Usage: Measure per-item processing efficiency. Identify nodes with high per-item overhead. Compare processing time across different data volumes.

Example: If a node processes 1000 items in 500ms, average per-item time is 0.5ms.

Note: Can be null if DurationMs is null or ItemsProcessed is zero.

ThroughputItemsPerSec

  • Type: double?
  • Description: Processing throughput in items per second
  • Source: Calculated from ItemsProcessed and DurationMs
  • Thread-Safe: Yes (immutable)
  • Precision: Double-precision floating point

Calculation:

ThroughputItemsPerSec = ItemsProcessed / (DurationMs / 1000.0)

Usage: Primary performance metric for comparing node efficiency. Track throughput over time to identify degradation.

Example: If a node processes 1000 items in 500ms, throughput is 2000 items/sec.
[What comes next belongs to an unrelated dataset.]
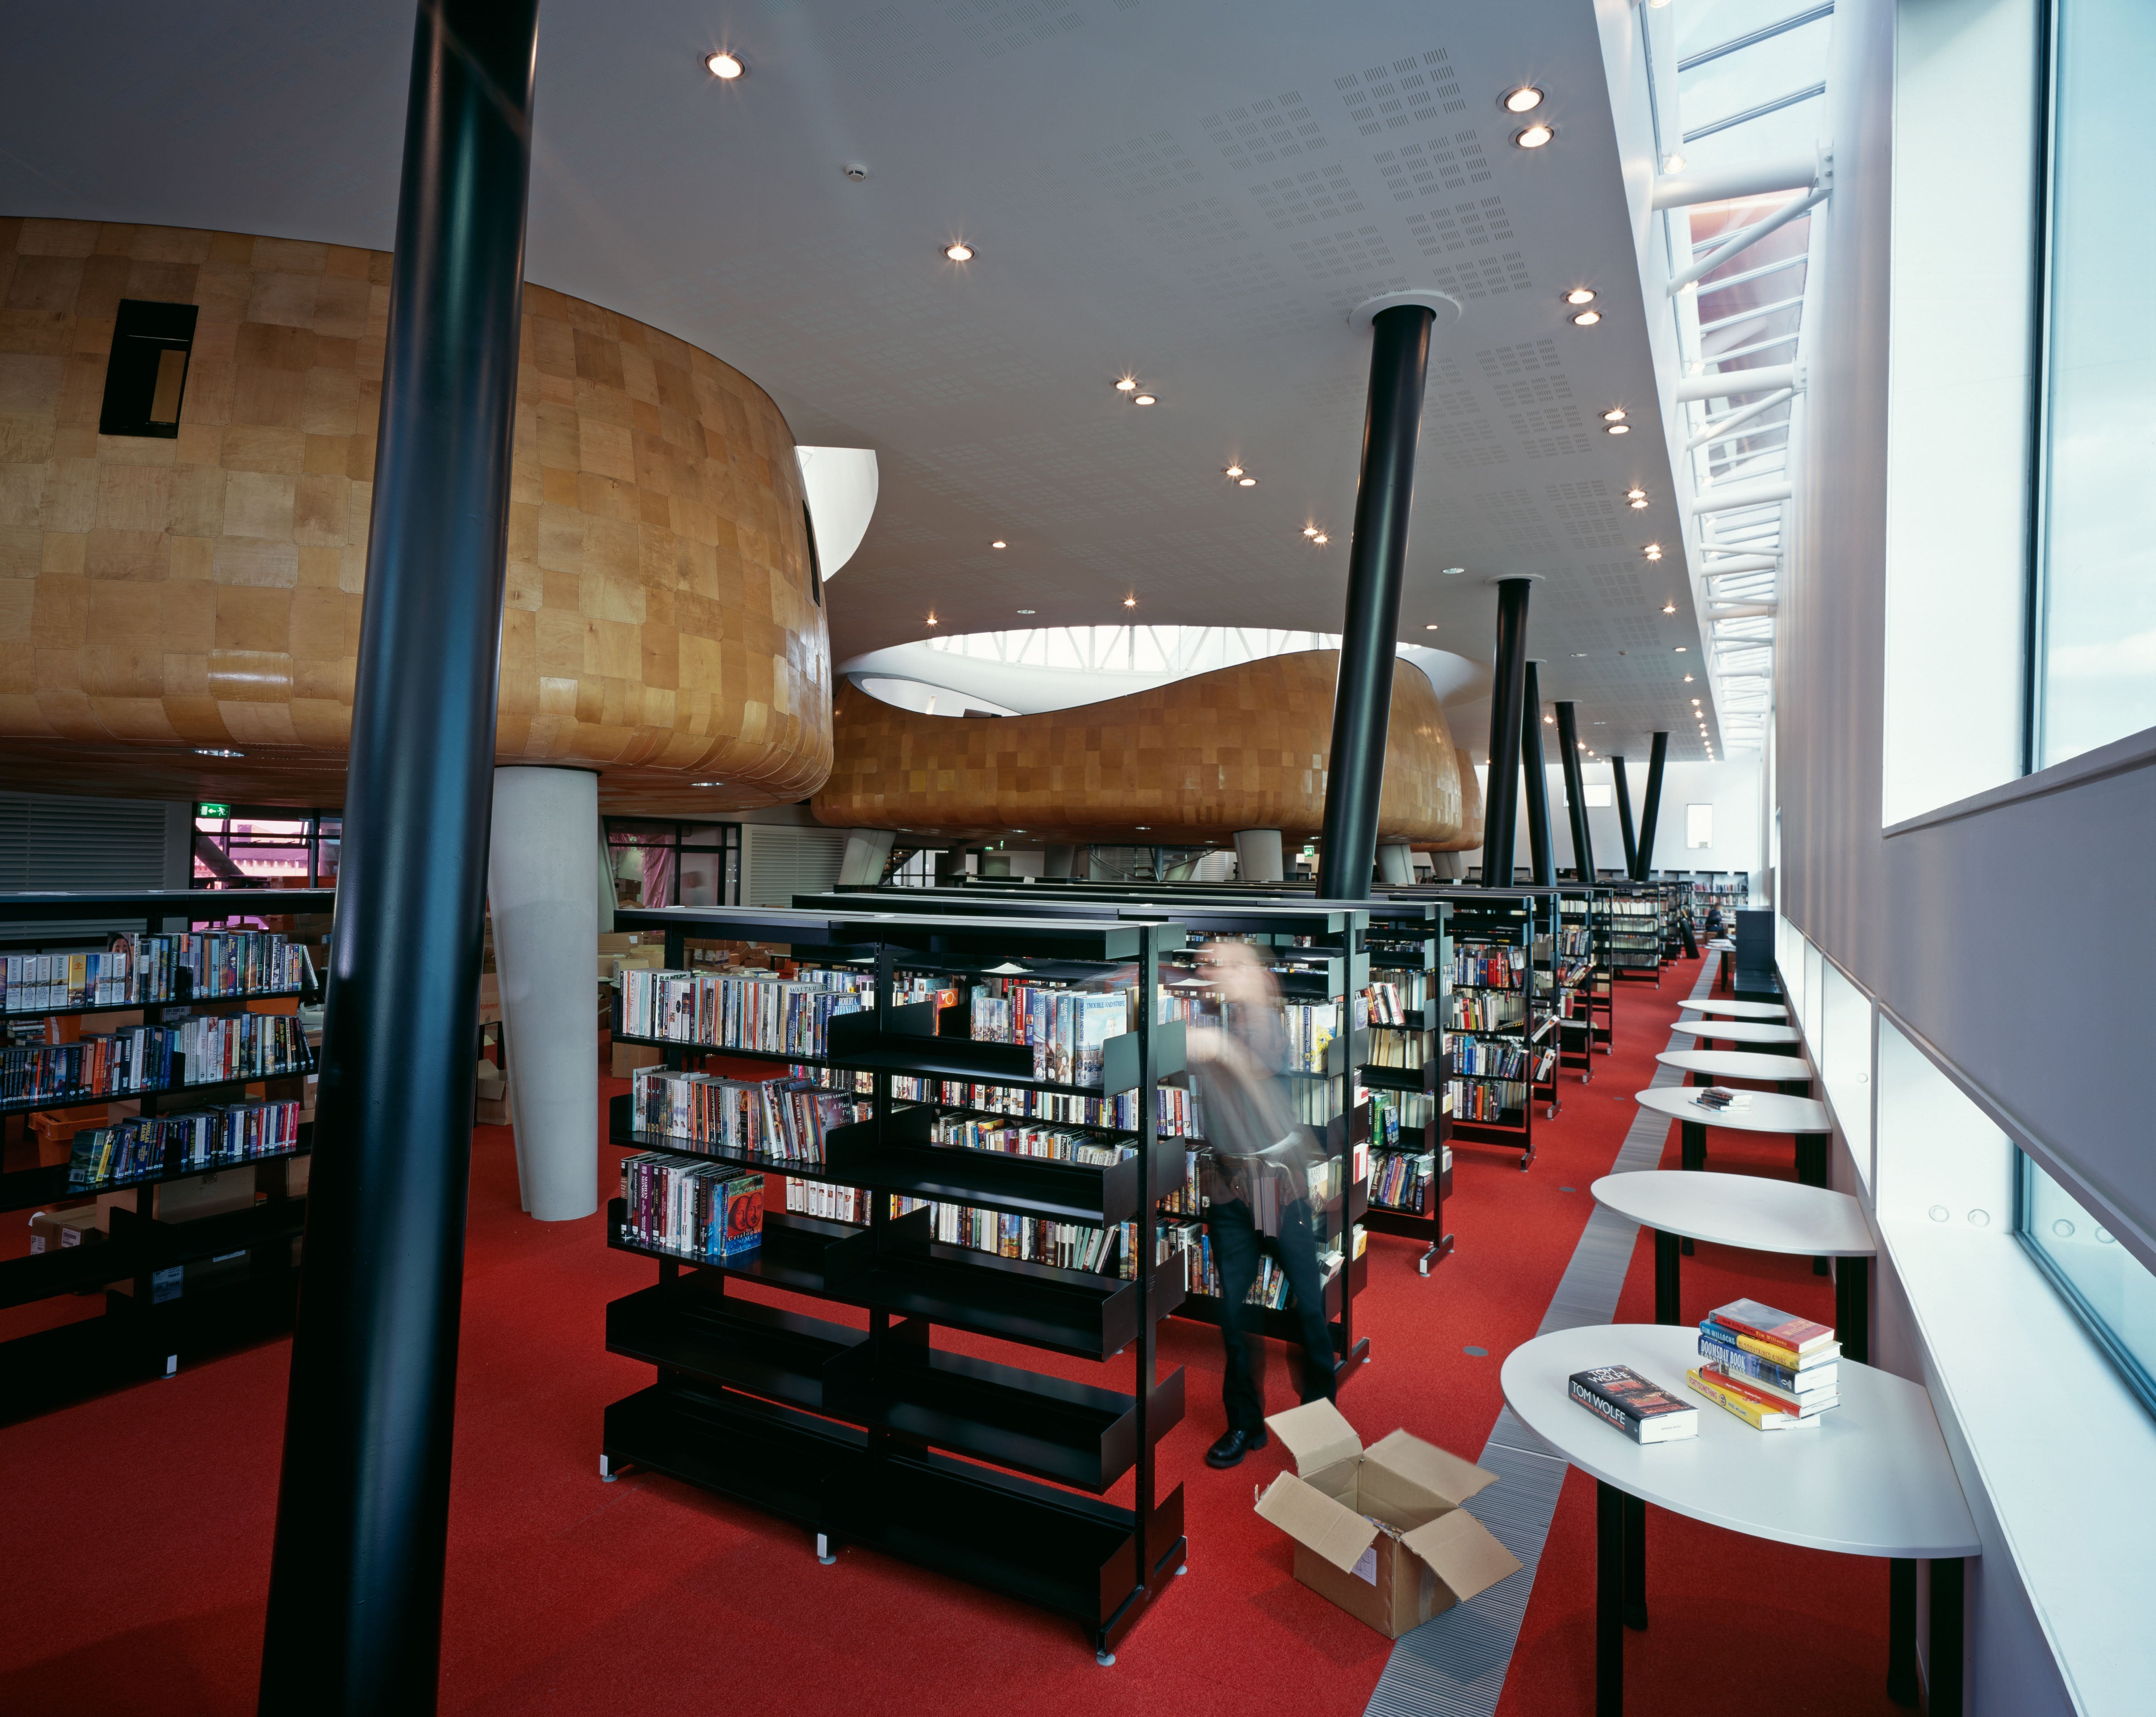 Inside Peckham Library

Note: Can be null if DurationMs is null or zero.

ThreadId

  • Type: int?
  • Description: Thread ID that primarily processed this node
  • Source: Environment.CurrentManagedThreadId
  • Thread-Safe: Yes (immutable)

Usage: Understand thread assignment in parallel execution scenarios. Identify thread affinity issues or thread pool contention.

Important Notes:

  • For single-threaded execution, this is the only thread used
  • For parallel execution, this is the thread that started execution
  • May be null if thread tracking is disabled
  • Thread IDs are process-specific and not meaningful across different executions

Pipeline Metrics

Pipeline metrics provide aggregate data for the entire pipeline execution, including summary statistics and individual node metrics.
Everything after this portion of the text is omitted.